Сказанное легко продемонстрировать на примере истории исследования жизни Иисуса. Оно началось с сенсации, когда Г.Э. Лессинг издал в 1774–1778 годах «Фрагменты Вольфенбюттельского Анонима» гамбургского профессора восточных языков ГерманаСамуэля Реймаруса. Реймарус принципиально проводил различие между первой системой — учением Иисуса, и второй системой — учением апостолов[102]. Согласно ему, сам Иисус «не учил никаким возвышенным тайнам или положениям веры»[103], но «простым моральным наставлениям и жизненным обязанностям»[104]. Его проповедь Царства Божьего не отличается от представлений тогдашнего иудаизма; он возвещает наступление мессианского царства в земном политическом смысле. Таким образом, в «грандиозной увертюре» (А. Швейцер) Реймаруса звучат уже все мотивы будущего исследования жизни Иисуса: различие между Иисусом истории и Христом веры, эсхатологический характер благовестия Иисуса и сопутствующая ему проблема промедления парусин, тема политического Иисуса и проблема позднейшей спиритуализации его благовестия. Подводя итог, Лессинг ясно различил религию Христа и христианскую религию как «две совершенно противоположные вещи»[105].

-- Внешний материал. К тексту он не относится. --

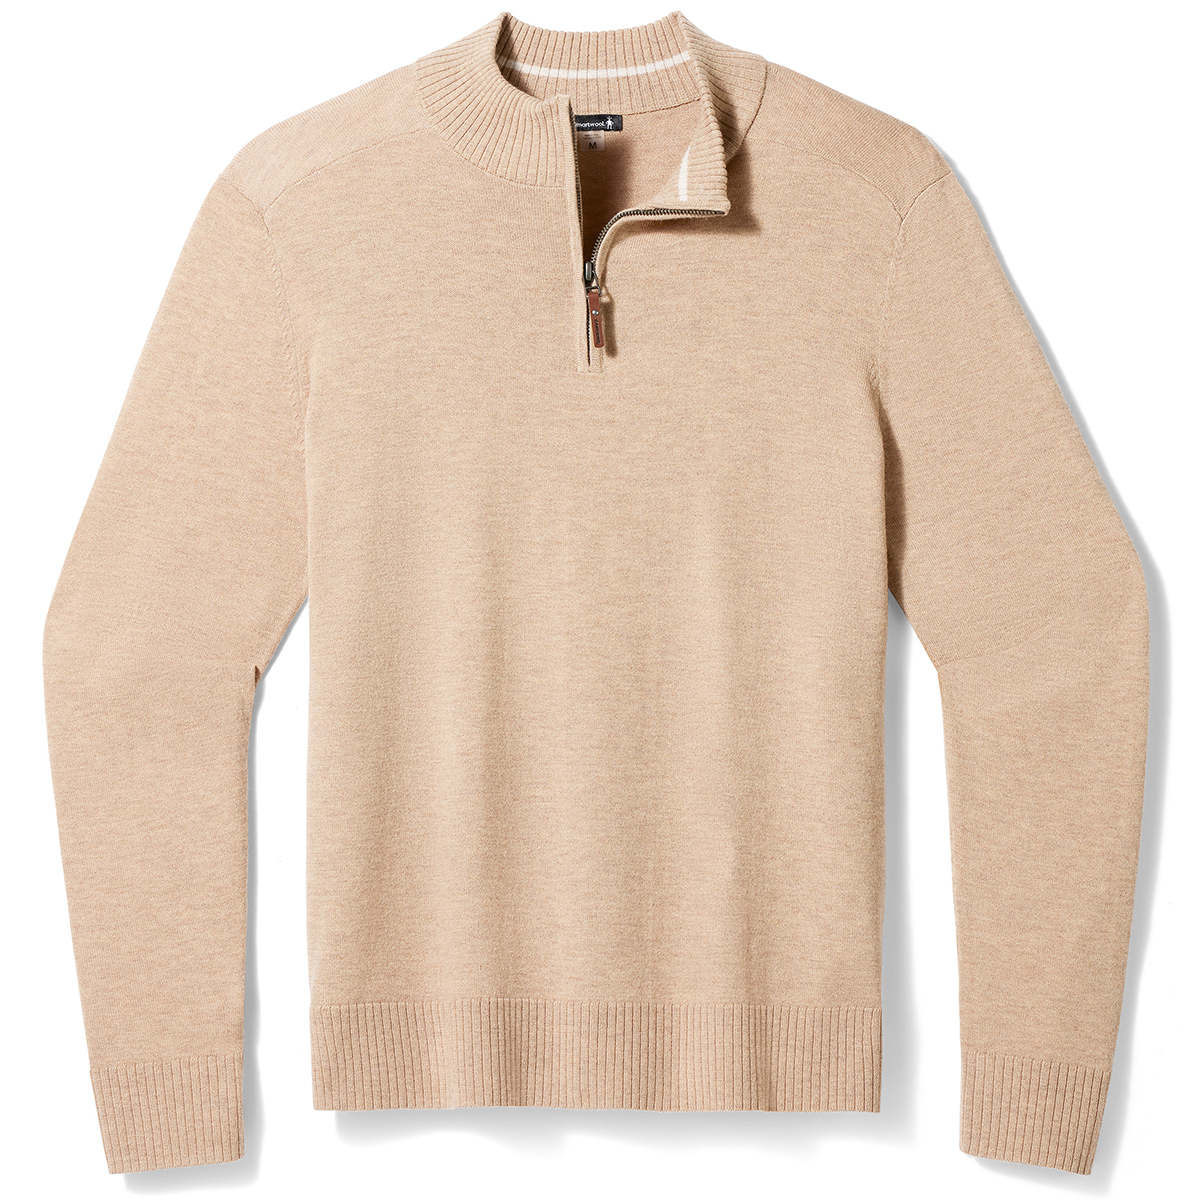 Smartwool Men's Sparwood Half-Zip Sweater - Size 2XL

Своими радикальными тезисами Реймарус дискредитировал передовое богословие своего времени. Однако другой основоположник исторического богословия, Саломон Землер, пытался спасти то, что еще можно было спасти. Он объяснял различия между земным и духовным пониманием Иисуса приспособлением к уровню понимания его современников. Тем самым была открыта другая тема, которой богословие занималось очень долго. Понималась ли сокрытая во внешне историческом идея более эстетико–символически, как у И.Г. Гердера, или рационально–прагматически, как у X. Э. Г. Паулюса, в принципе не существенно. Однако потребовалось время, прежде чем вновь был достигнут заметный результат. Это произошло в двухтомной «Жизни Иисуса», изданной в 1835–1836 годах репетитором Тюбингенского духовного училища Д. Ф. Штраусом. Его книга вызвала вторую большую бурю и настоящий поток полемических публикаций[106]. О чем в ней говорится? Согласно Штраусу, старая супранатуралистическая интерпретация Иисуса невозможна, современная же рационалистическая интерпретация слишком поверхностна. Штраус искал третий путь, путь мифологической интерпретации. Тем самым он продолжил научную дискуссию, начатую еще во времена Гейне и Эйхгорна[107]. Однако в своей мифологической интерпретации Штраус ни в коей мере не отрицает какое бы то ни было историческое ядро. Для него очевидно «как неоспоримый факт»: Иисус был убежден в том, что он Мессия и утверждал это[108]. Однако он проводит различия между историческим ядром и связанной с ним мифологической интерпретацией, между Христом веры и Иисусом истории. Это различие было для Штрауса идентично различию между «историческим Христом и идеальным, лежащим в основе человеческого разума, прототипом человека, каким он должен быть». Однако это означает «перерождение религии Христа в религию человечности»[109]. Это означает также, что на вопрос, «являемся ли мы еще христианами», Штраус должен был ответить отрицательно[110].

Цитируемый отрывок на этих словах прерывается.